HA queues cause RabbitMQ cluster to partition

2,397 views
Skip to first unread message

Frederick

unread,
Dec 15, 2014, 11:01:35 PM12/15/14
to rabbitm...@googlegroups.com
We are experiencing a problem where using HA queues causes entire cluster to partition and become unresponsive when total send rates exceeds 10k messages per second,
We are running performance tests on a 5 node cluster hosted on AWS EC2 instances.  
For example, within a few minutes of starting test with 10 producers each sending 1k messages/per sec, rabbit nodes will partition and eventually, entire cluster becomes unresponsive.  Around the time partitioning occurs, rabbitmq logs will show output like this:

Error log of rabbit connection loss event:
=ERROR REPORT==== 8-Dec-2014::21:25:34 ===
Partial partition detected:
 * We saw DOWN from rabbit@rabbit5
 * We can still see rabbit@rabbit4 which can see rabbit@rabbit5
We will therefore intentionally disconnect from rabbit@rabbit4

In addition, our Management UI flashes a red alert window on stating:
"Network partition detected
Mnesia reports that this RabbitMQ cluster has experienced a network partition. This is a dangerous situation.
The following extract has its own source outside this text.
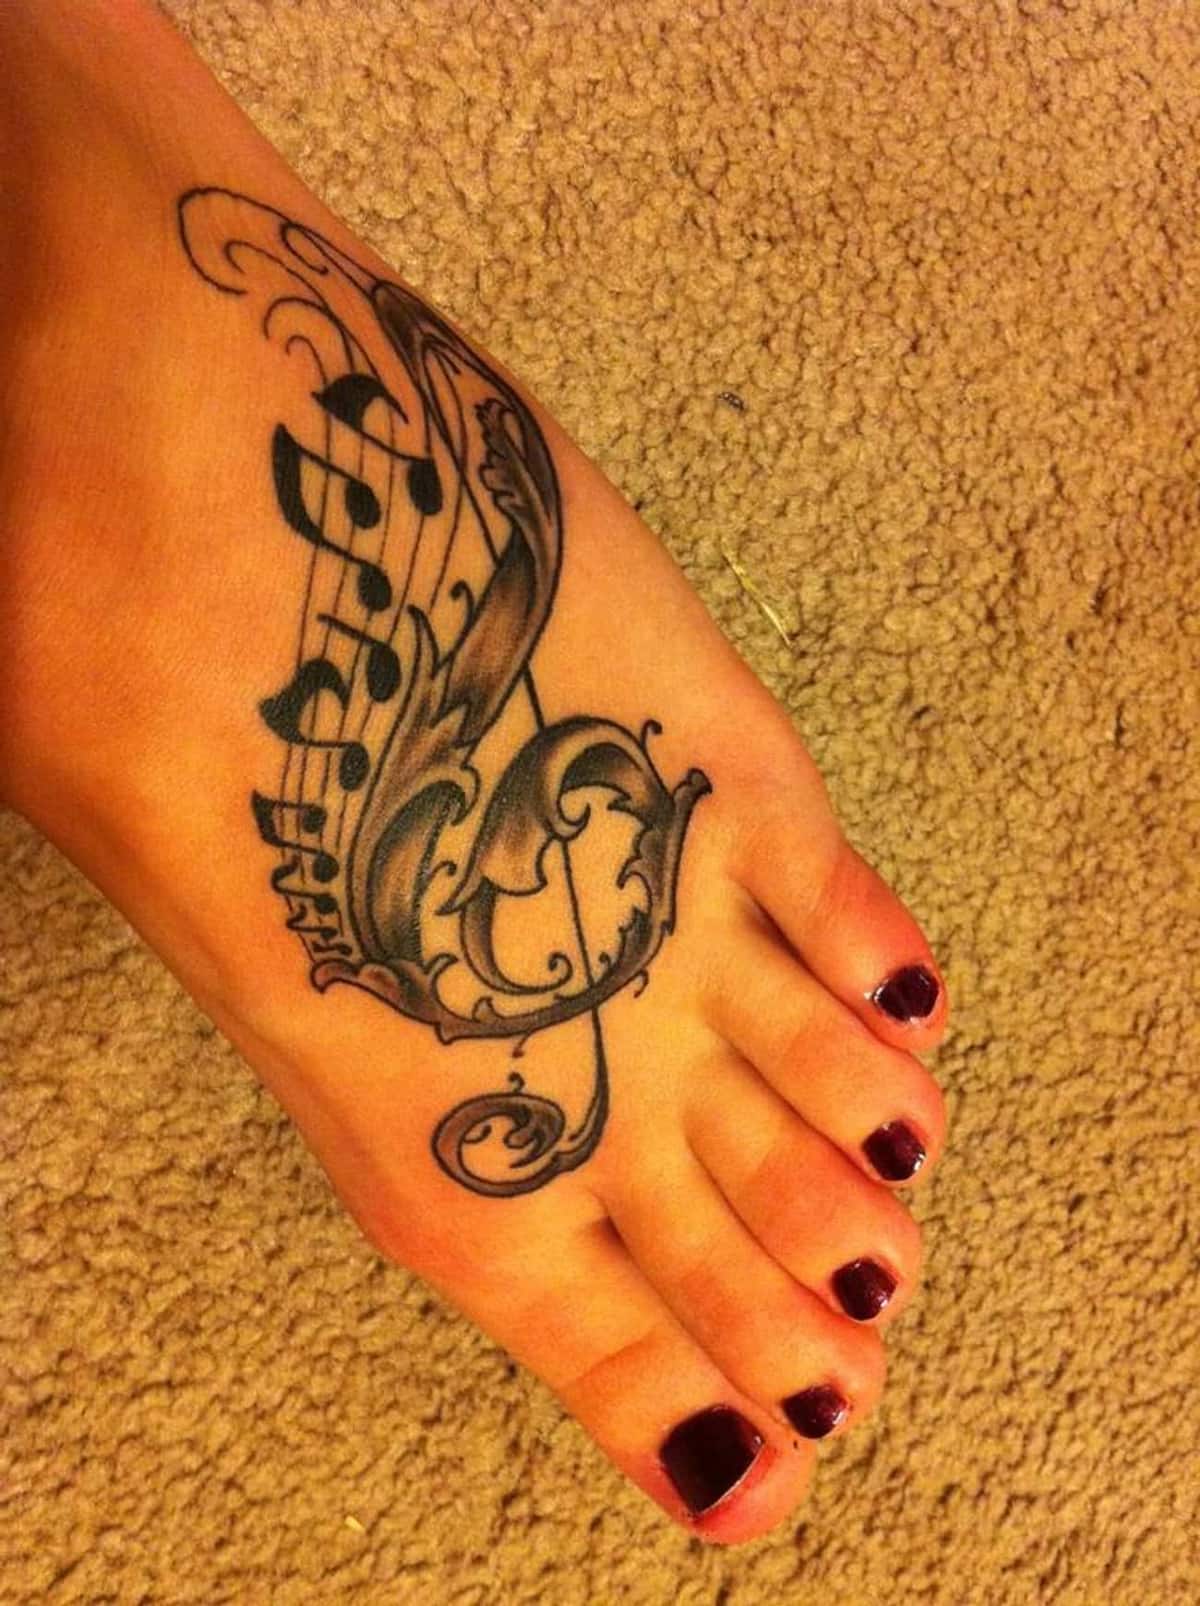 Sorin Gabor at Sugar City Tattoo : Tattoos : Music : Bio Feet music abstract

RabbitMQ clusters should not be installed on networks which can experience partitions."

We have tried several approaches to increase performance through AWS including upgrade to Compute Optimized 8 cpu instances, EBS-optimized, using placement groups with not much better results.
We have also tried experimenting with autoheal and increasing net_ticktime to 180.  Those have helped slightly but only pushed back the inevitable partition by a couple minutes.

Our HA policy setting was configured as follows:
rabbitmqctl set_policy ha-two-nodes ".*" "{"ha-mode":"exactly","ha-params":2}"

With further detailed analysis using collectd tool to monitor AWS EC2 nodes, we see spikes in disk i/o and average write time on some rabbit nodes around time of partition.
Why do mirrored queues cause a spike in disk i/o activity when well below the high water mark?
Is there anything we missed with set_policy config or are HA queues simply not recommended with total throughput greater than 10k messages/sec.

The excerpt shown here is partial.